This Fort Lauderdale Injury Law Firm, as well as most equally committed to victims’ rights law firms throughout Fort Lauderdale and the State of Florida generally agree to work for injured plaintiffs and their family members on a contingency fee basis. What that means essentially is that an injury victim can obtain the services of a skilled and knowledgeable injury attorney and only pay a reasonable attorney’s fee in the event that the attorney essentially wins the victims case. Generally, for settlement under $1 million, the Ft. Lauderdale Injury Attorney receives 33 1/3% of the gross recovery and 40% of the first million dollars recovered if a lawsuit and answer thereto has been filed with the court.
The question that should be considered by many injury victims considering filing suit and having their case tried is can the victim be held liable for attorney’s fees if he or she “loses” their case?
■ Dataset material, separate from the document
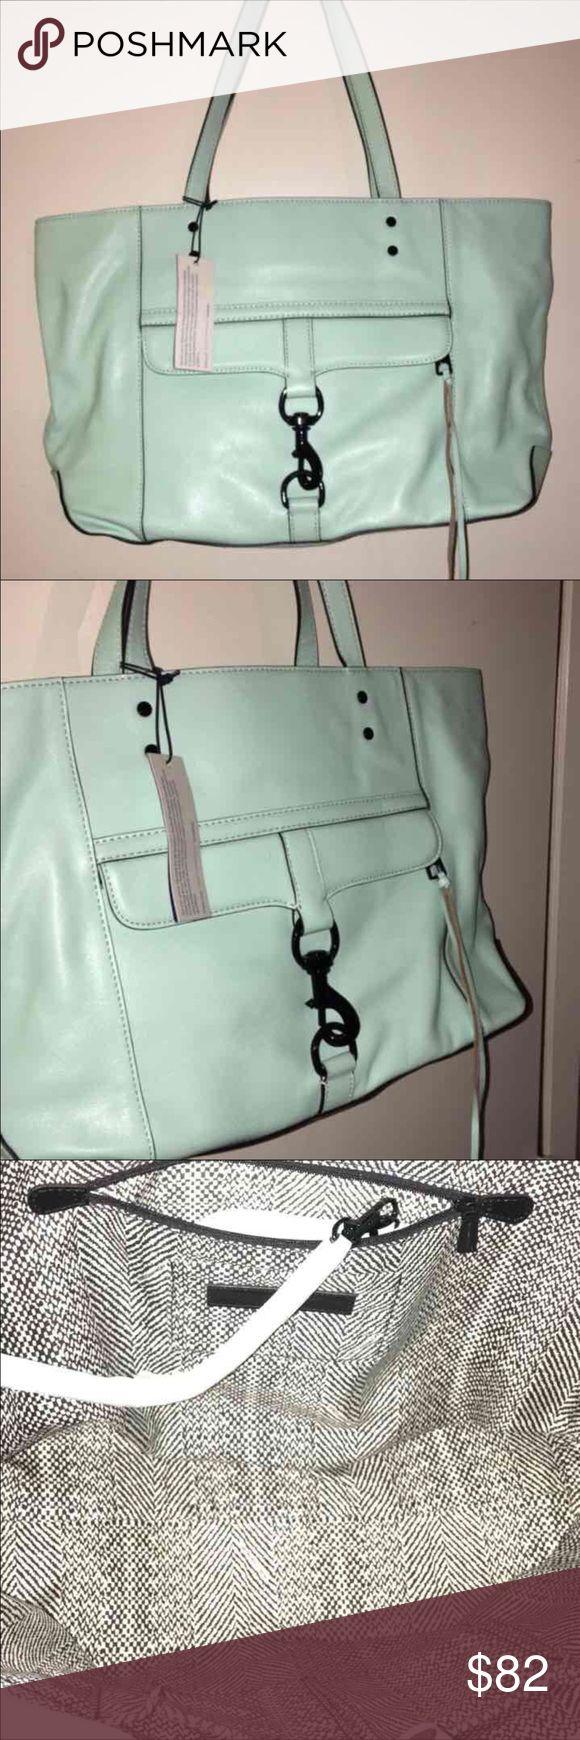 ‼️SALE SALE SALE‼️Rebecca Minkoff purse New never used Rebecca Minkoff purse. Mint color. Includes extra tassles. Perfect size. Original retail price $195. Open to offers. Rebecca Minkoff Bags Shoulder Bags

Generally speaking, pursuant to Florida Statute §768.79 and Rule 1.442, if an injury victim plaintiff unreasonably refuses to accept a proposal for settlement, which is defined as having a verdict rendered for more than 25% less than the proposal, then the injury victim must pay the defendant’s attorney’s fees and costs. Similarly, the injury victim can likewise make a demand for judgment or settlement and if a verdict is thereafter rendered successfully for the victim greater than 125% of the amount demanded then the Court must award the victim’s attorney’s fees and costs to be paid by the defendant.
It is therefore, very important to choose a knowledgeable and skilled Fort Lauderdale Injury Attorney to properly guide and advise the victim so as not be liable to pay the defendant’s attorney’s fees; while also focused to recovery as much damages as possible and as much of the victim’s attorney’s fees as possible.